Once I had the English translations, I could string match to find governorates in English. I aggregated a list of English-translated governorates to search for from the dictionary that maps original Arabic to English governorates in a later step of the workflow. With English, I could be assured that I could get an exact string match given English’s lack of declensions (a word changing its form depending on its syntactical purpose in a sentence). However, I would not be able to pick up a match if a particular governorate was anglicized (transliterated into English) using a different spelling—something I put as a parking lot item to look into later.
Testing
How do we test that this process worked? When testing code, we need to know two things: What is the question or problem we are trying to solve, and is our answer correct or solution effective? There is a third thing we need to implicitly know, which is the metric we need to use to determine if our answer/solution is good, or how good it is. At this point, I returned to the original goal of the project: To increase the number of records with an associated governorate. Thus, we’d want to take a look at how many records that previously didn’t have an associated governorate, get an imputed governorate. (We can also look at what percentage of records without governorates now have an imputed governorate).

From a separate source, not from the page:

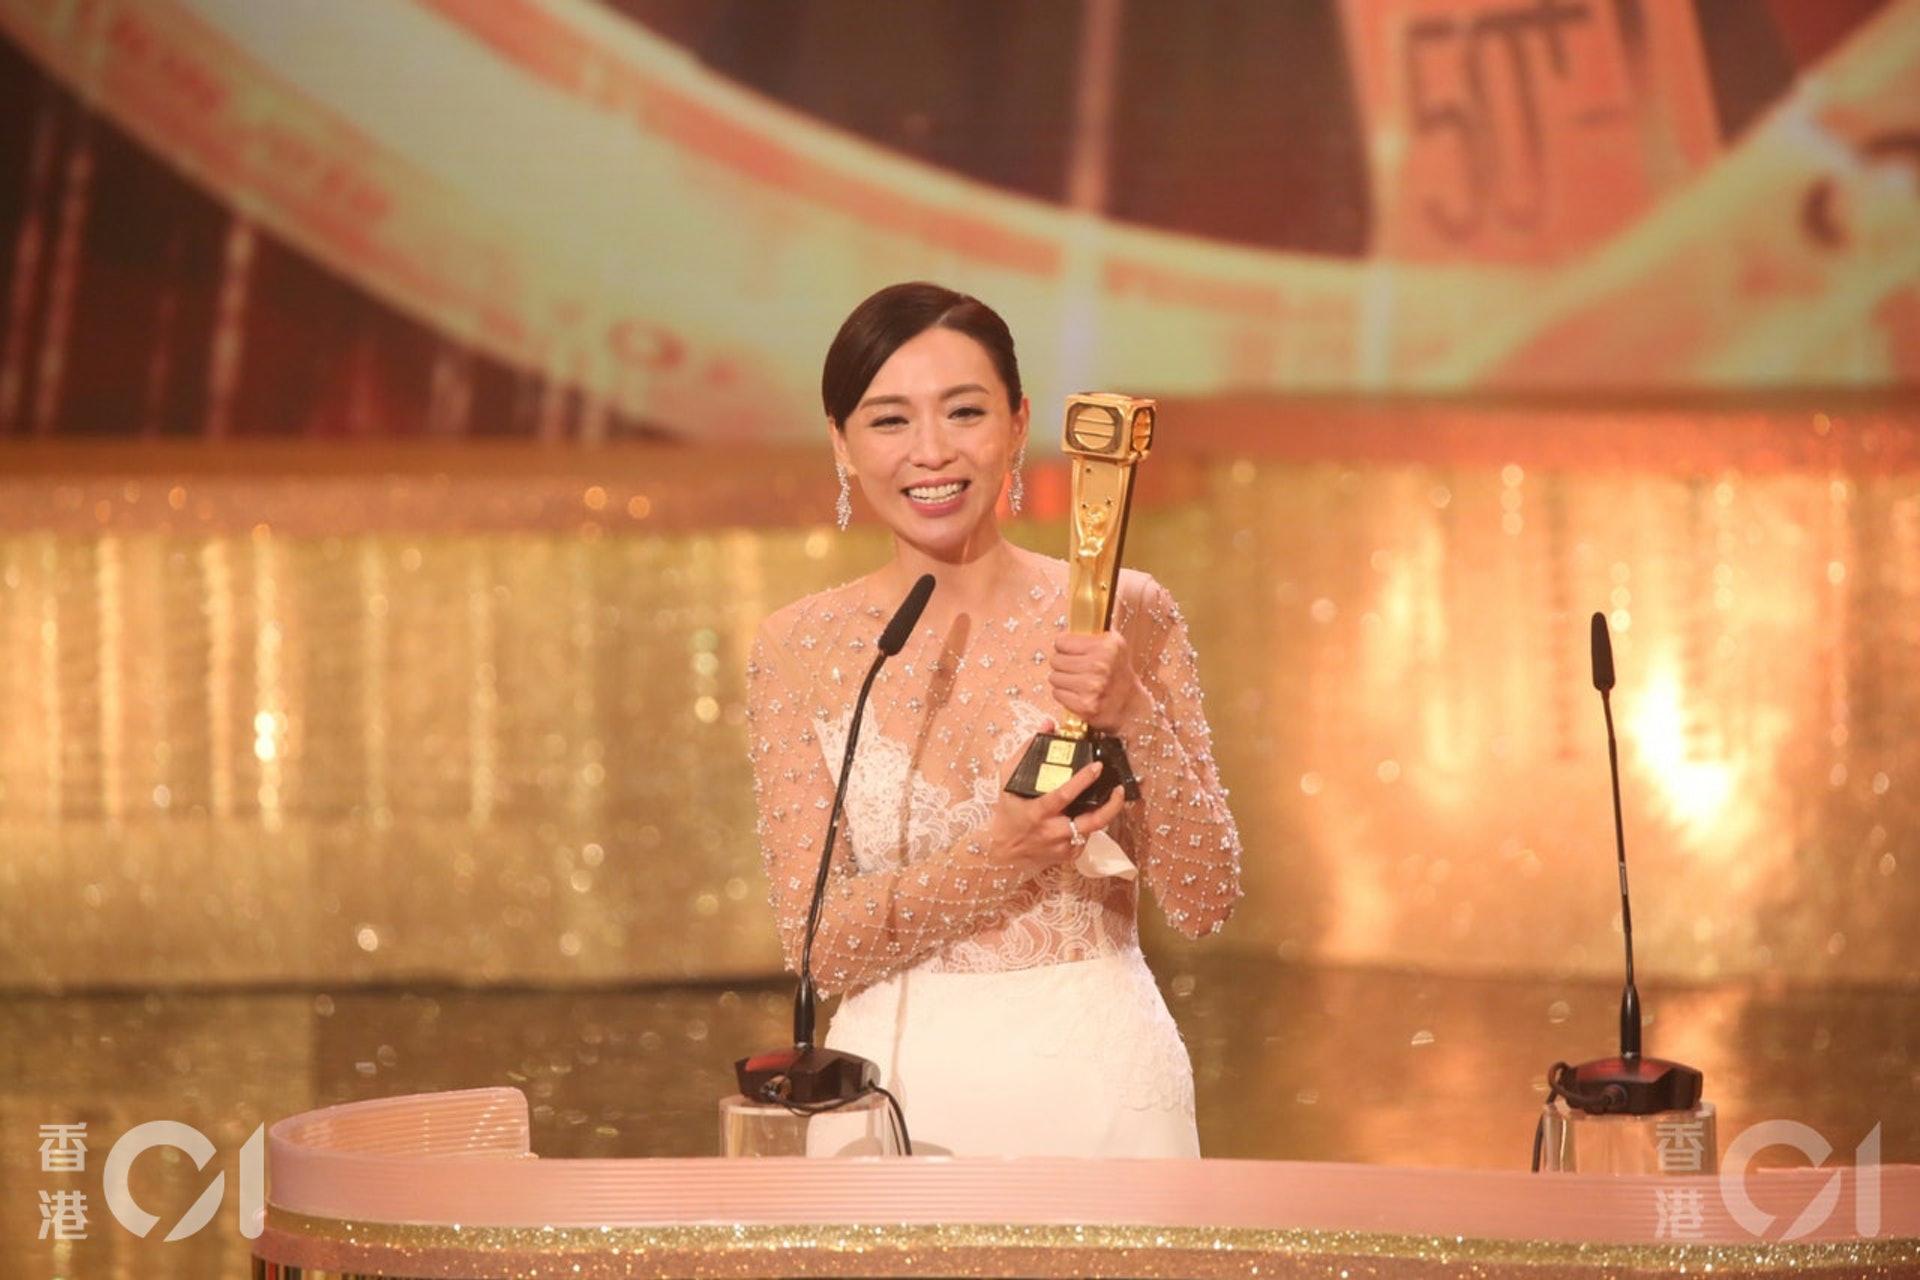 陳煒獲得《萬千星輝頒獎典禮2018》「最受歡迎電視女角色」。(黃國立攝)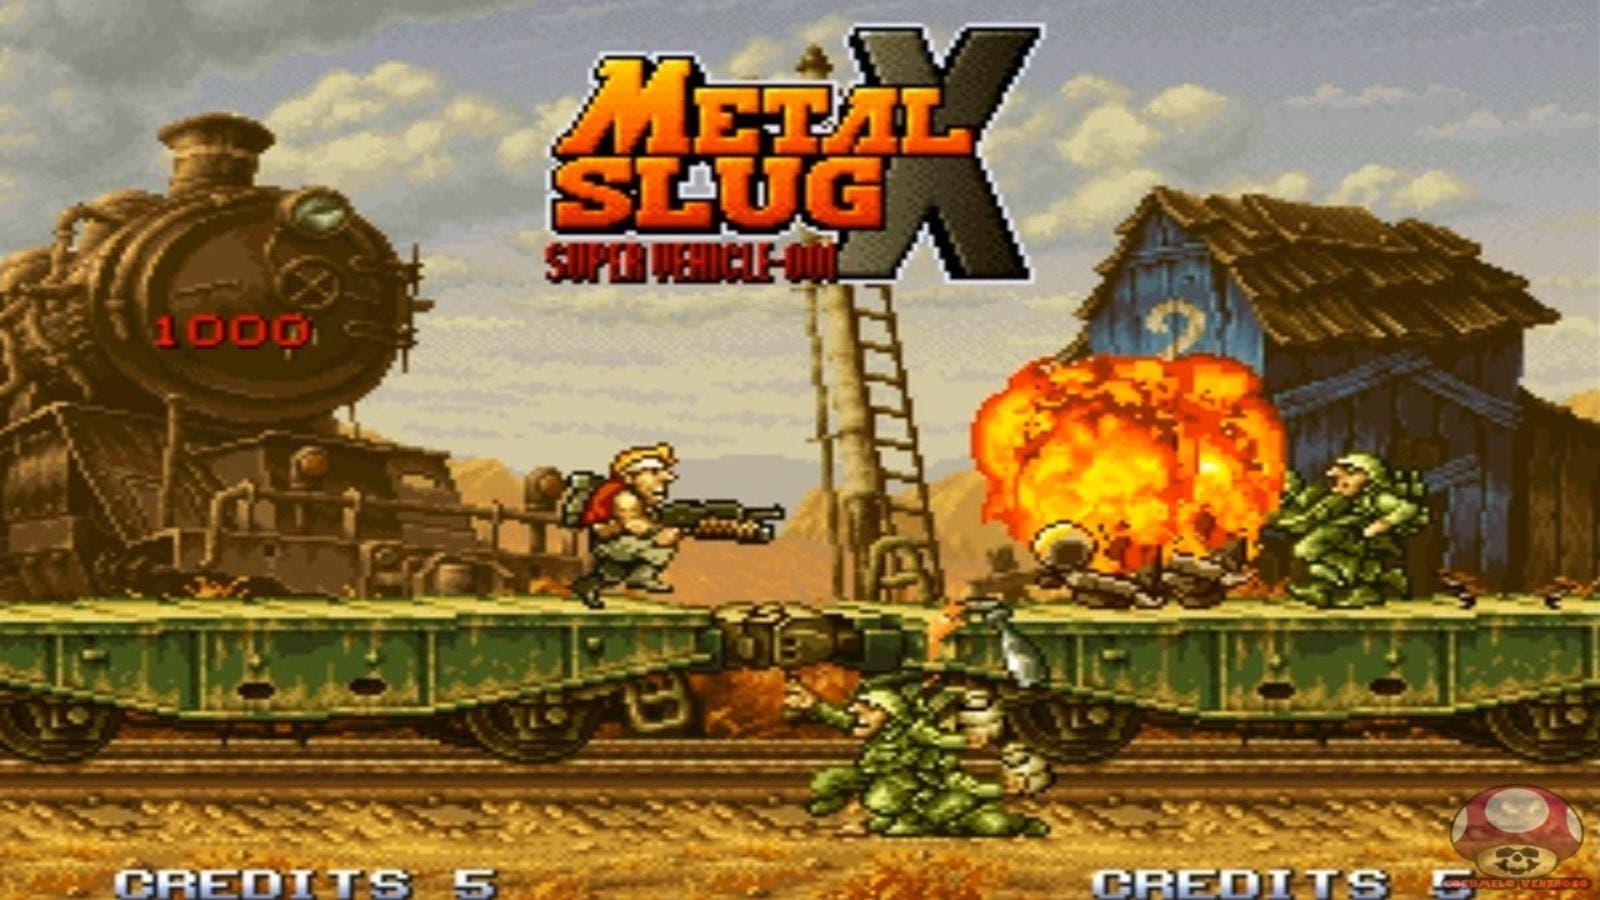 La Eshop De Nintendo Switch Recibirá Metal Slug X

But how do we know if these imputed governorates can be trusted? Let’s think about what this would look like if this were an assertion. We’d want to know that our imputed governorates match the ground truth—in this case, the (English) governorate labels already assigned to records. I looked at records with existing governorates, and took as a metric the percentage of records where the imputed governorate matched the actual.
There were 560 records that had an originally assigned governorate and a single, consolidated imputed governorate (excluding records with more than one governorate, null values, or locations other than the 14 Syrian governorates) that I used for this test. Of those, 74% of imputed governorates matched the original translations (416 records). This indicates that our method is promising, but needs further refinement and involvement from language partners before fully productionizing into the analytical workflow.